عَنْ أَبِي سَعِيدٍ رضي الله عنه أَنَّ النَّبِيَّ صَلَّى اللهُ عَلَيْهِ وَسَلَّمَ قَالَ:
«مَا مِنْ مُسْلِمٍ يَدْعُو بِدَعْوَةٍ لَيْسَ فِيهَا إِثْمٌ، وَلَا قَطِيعَةُ رَحِمٍ، إِلَّا أَعْطَاهُ اللهُ بِهَا إِحْدَى ثَلَاثٍ: إِمَّا أَنْ تُعَجَّلَ لَهُ دَعْوَتُهُ، وَإِمَّا أَنْ يَدَّخِرَهَا لَهُ فِي الْآخِرَةِ، وَإِمَّا أَنْ يَصْرِفَ عَنْهُ مِنَ السُّوءِ مِثْلَهَا» قَالُوا: إِذنْ نُكْثِرُ، قَالَ: «اللهُ أَكْثَرُ».
[صحيح] - [رواه أحمد] - [مسند أحمد: 11133]
المزيــد ...
Ebû Saîd el-Hudrî -radıyallahu anh-'dan rivayet edildiğine göre, Nebi -sallallahu aleyhi ve sellem- şöyle buyurmuştur:
«Bir Müslüman, içinde bir günah veya akrabalık ilişkilerini koparma olmayan bir dua ettiği zaman, Allah bu duasına karşılık ona şu üç şeyden birini mutlaka verir: Ya duasını hemen kabul eder, ya onun için karşılığını ahirete saklar ya da aynı miktardaki bir kötülüğü ondan uzaklaştırır.» Dediler ki: Öyleyse daha çok dua edelim. Peygamber -sallallahu aleyhi ve sellem- buyurdu ki: «Allah, istediklerinizden daha çoğuna sahiptir.»

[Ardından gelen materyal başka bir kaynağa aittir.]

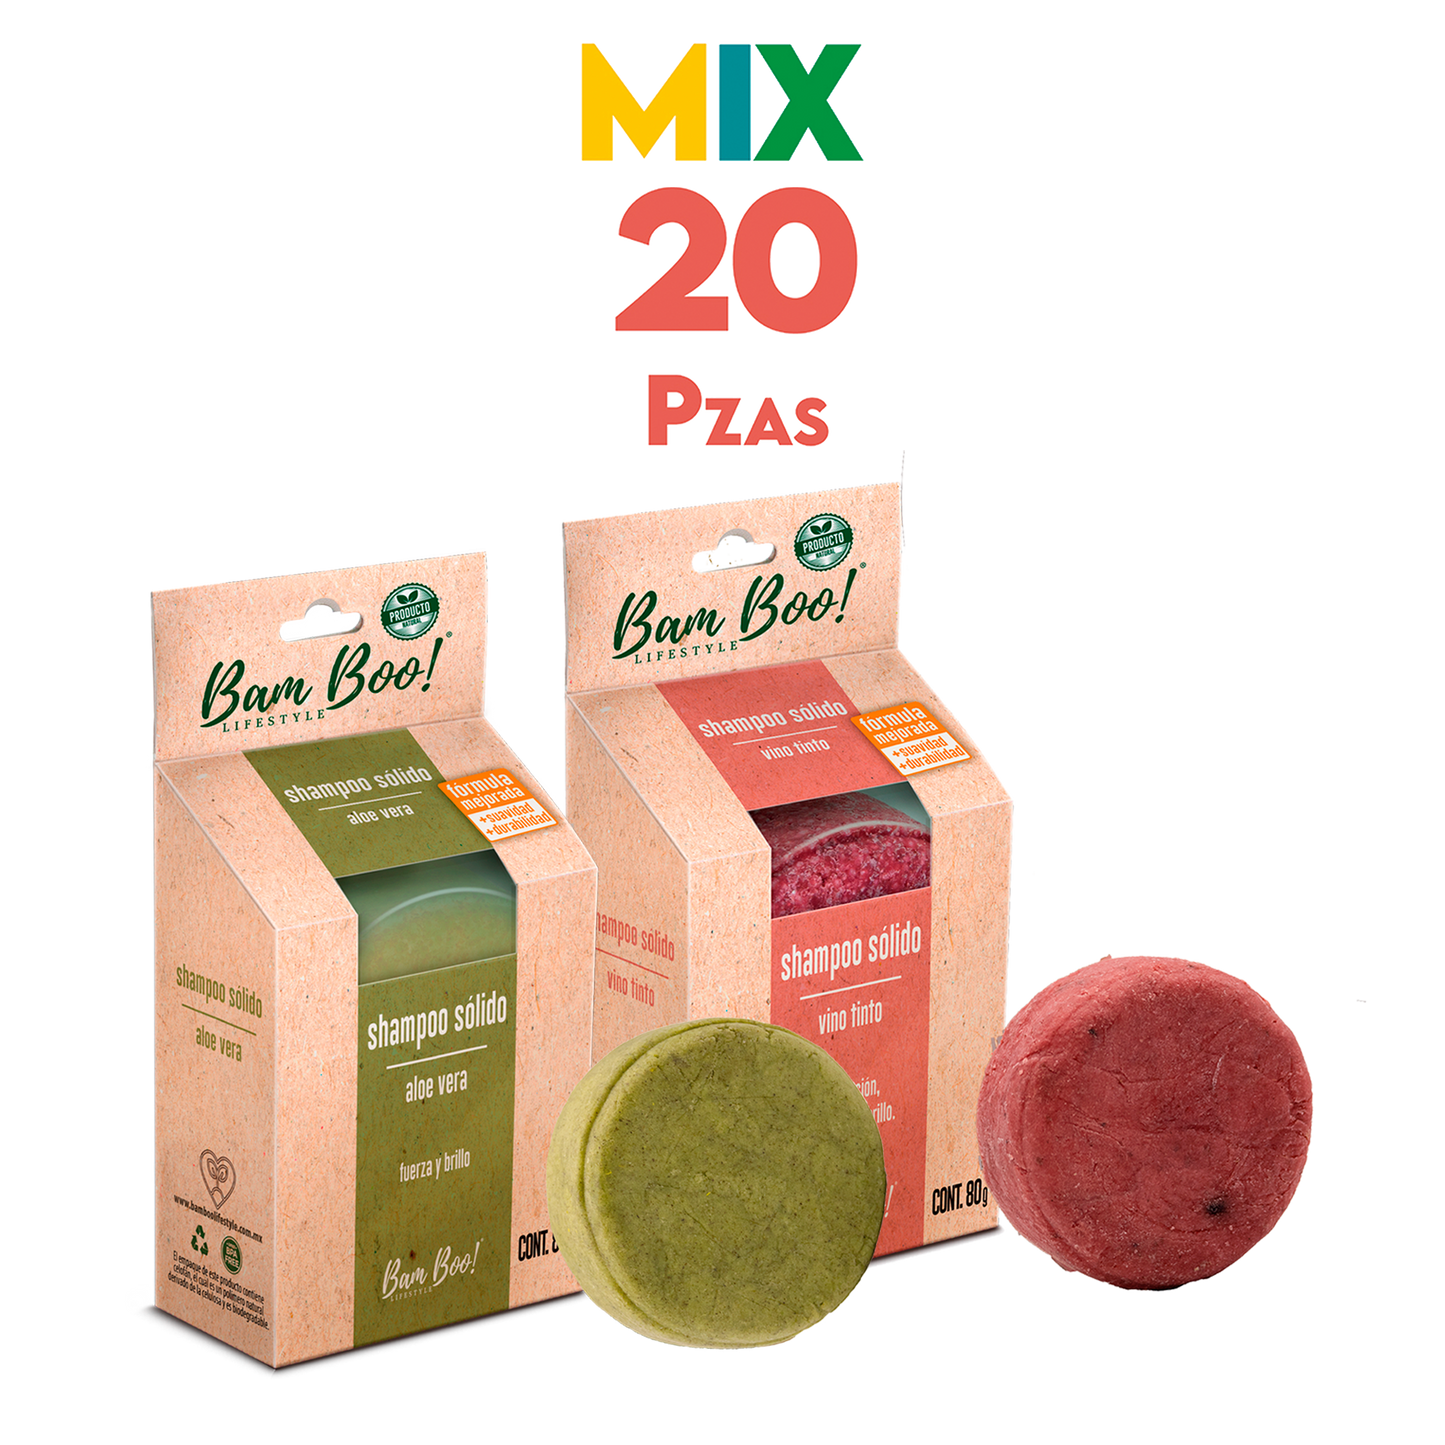 20 Pack Mix Shampoo Sólido Artesanal 80 G Mayoreo Bam Boo! Lifestyle
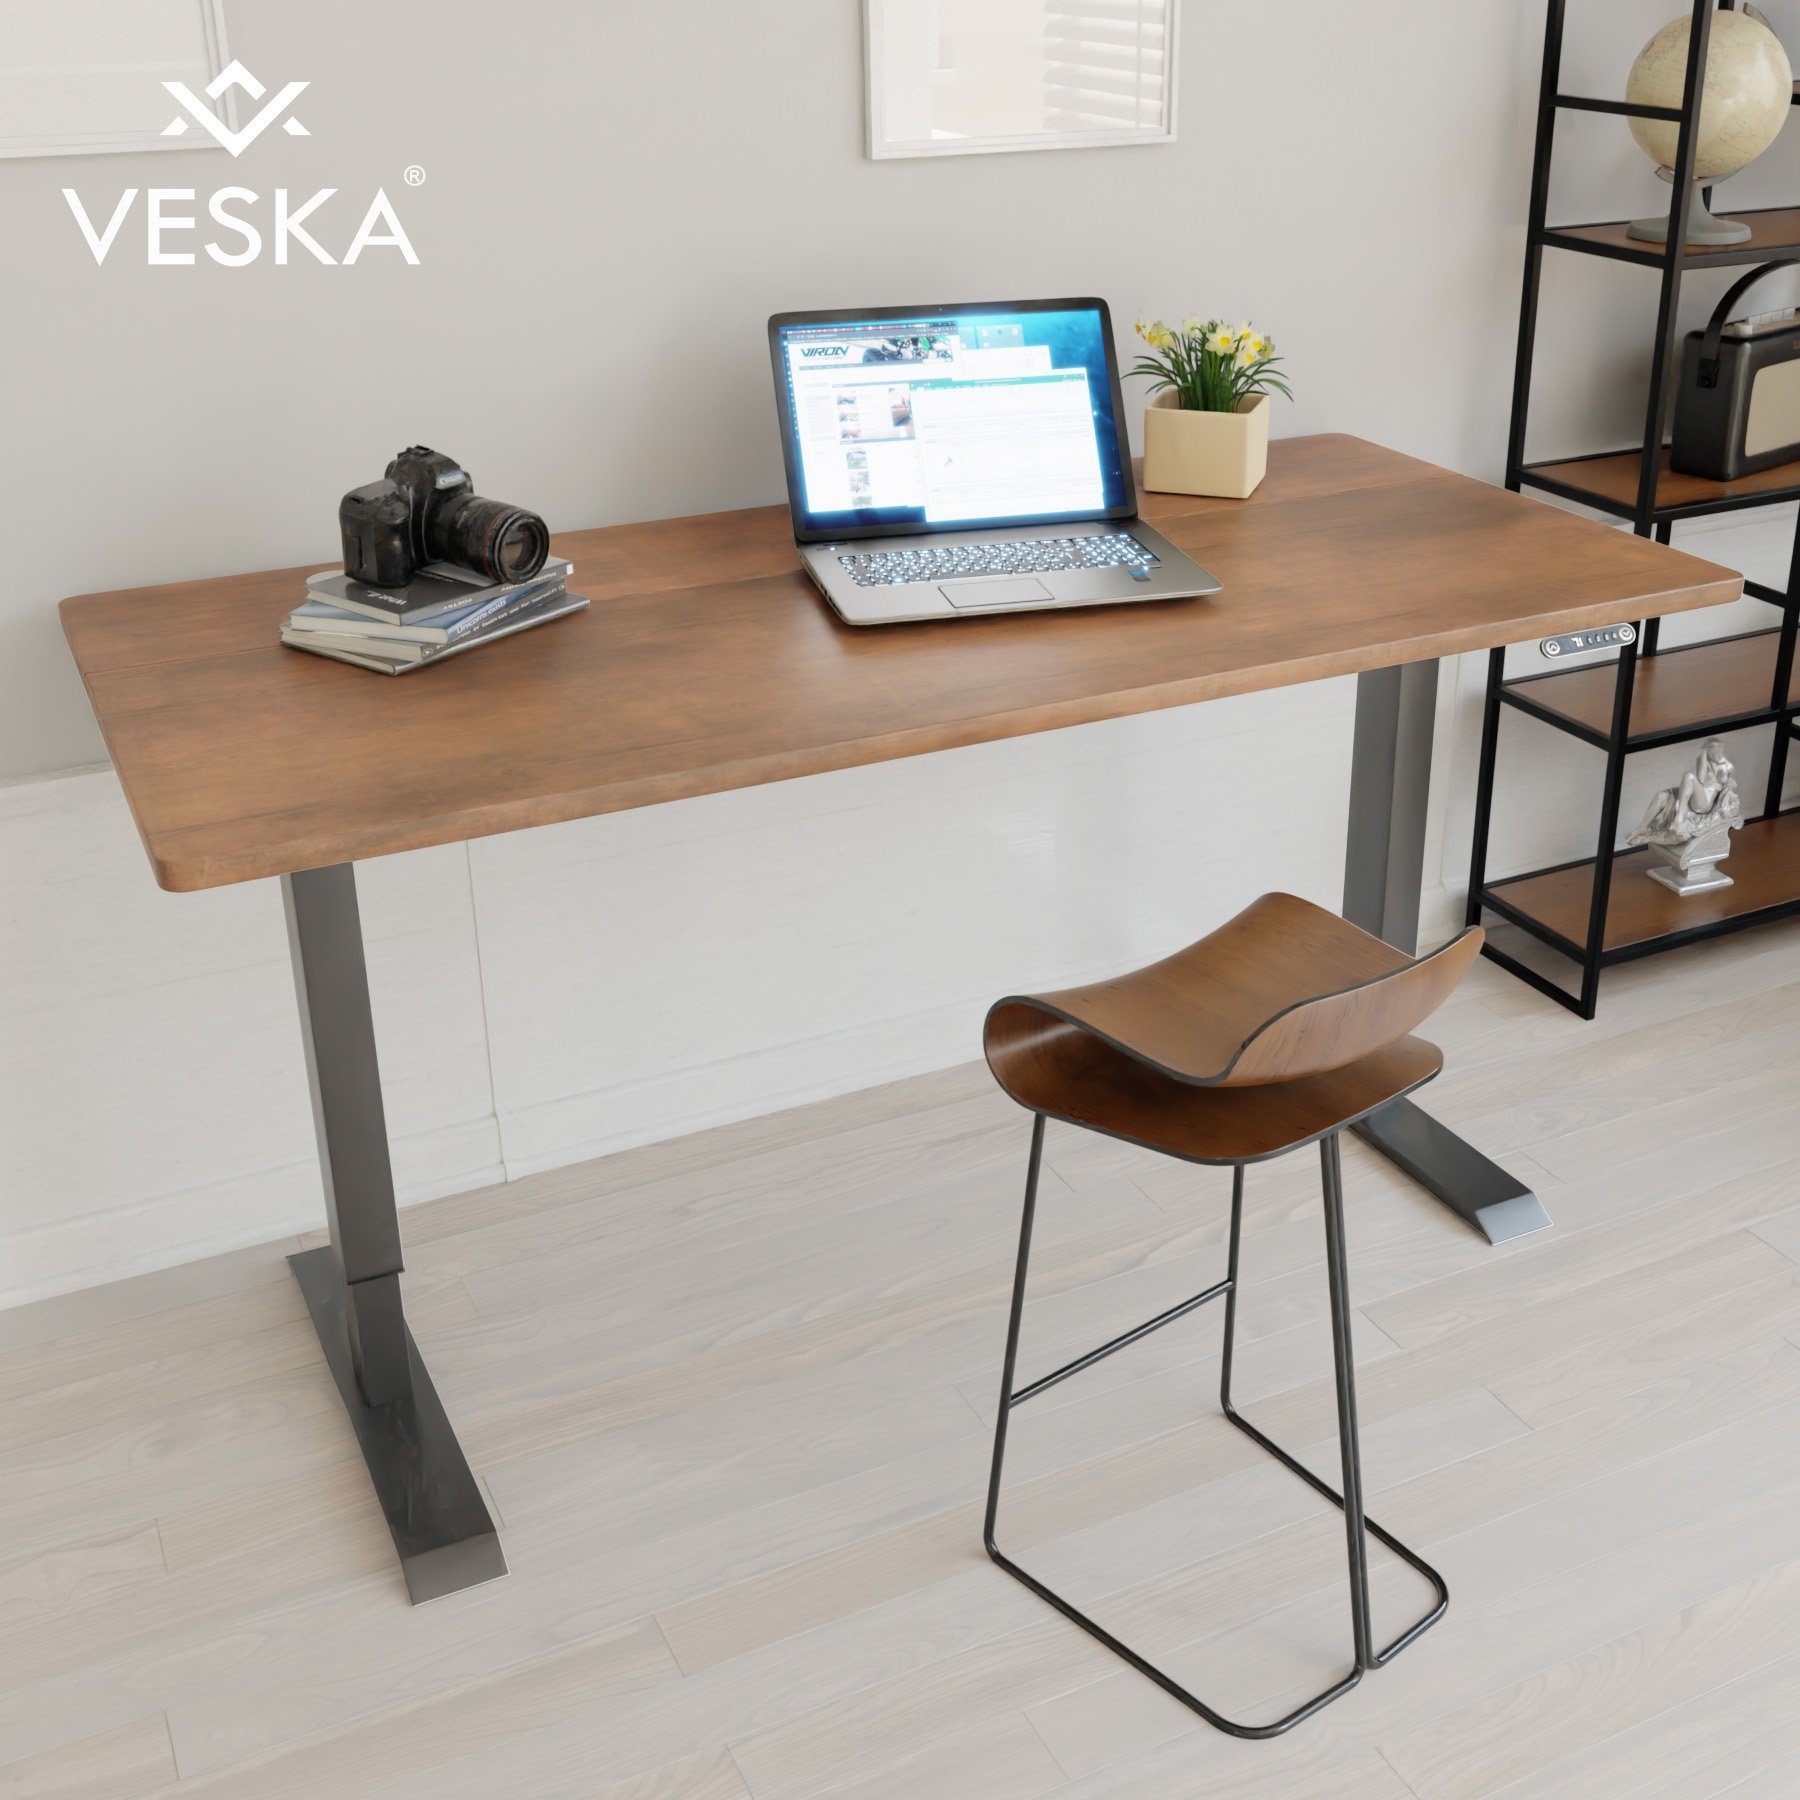 VESKA Schreibtisch Höhenverstellbar 140 x 70 cm - Bürotisch Elektrisch mit Touchscreen - Sitz- & Stehpult Home Office Anthrazit | Antik

[Sahih Hadis] - [Ahmed rivayet etmiştir] - [مسند أحمد - 11133]
Peygamber Efendimiz -sallallahu aleyhi ve sellem-'in haber verdiğine göre bir Müslüman, bir günahı veya zulmü kolaylaştırmasını istemesi gibi veya çocuklarına ve akrabalarına beddua ederek akrabalık bağlarını koparması gibi içinde günah olan bir şey istemediği bir dua ile Allah'a dua eder ve O'ndan isterse, Allah bu duasından dolayı ona şu üç şeyden birini muhakkak verir: Ya duasına çabucak icabet eder ve istediğini ona verir. Ya bu duanın karşılığını, onun derecesini yükseltmek veya günahlarına merhamet ve mağfiret etmek suretiyle bir karşılık olarak Kıyamet Günü'ne erteler. Veyahut bu duanın kadri miktarınca kötülükleri bu dünyada ondan uzaklaştırır. Bunun üzerine sahabeler, Peygamber efendimiz -sallallahu aleyhi ve sellem-'e şöyle dediler: Öyleyse bu lütuflardan birini elde etmek için daha çok dua edelim mi? Peygamber -sallallahu aleyhi ve sellem- de şöyle buyurdu: Allah'ın sahip oldukları, istediklerinizden daha fazla ve daha büyüktür. O'nun ihsanı bitmez, tükenmez.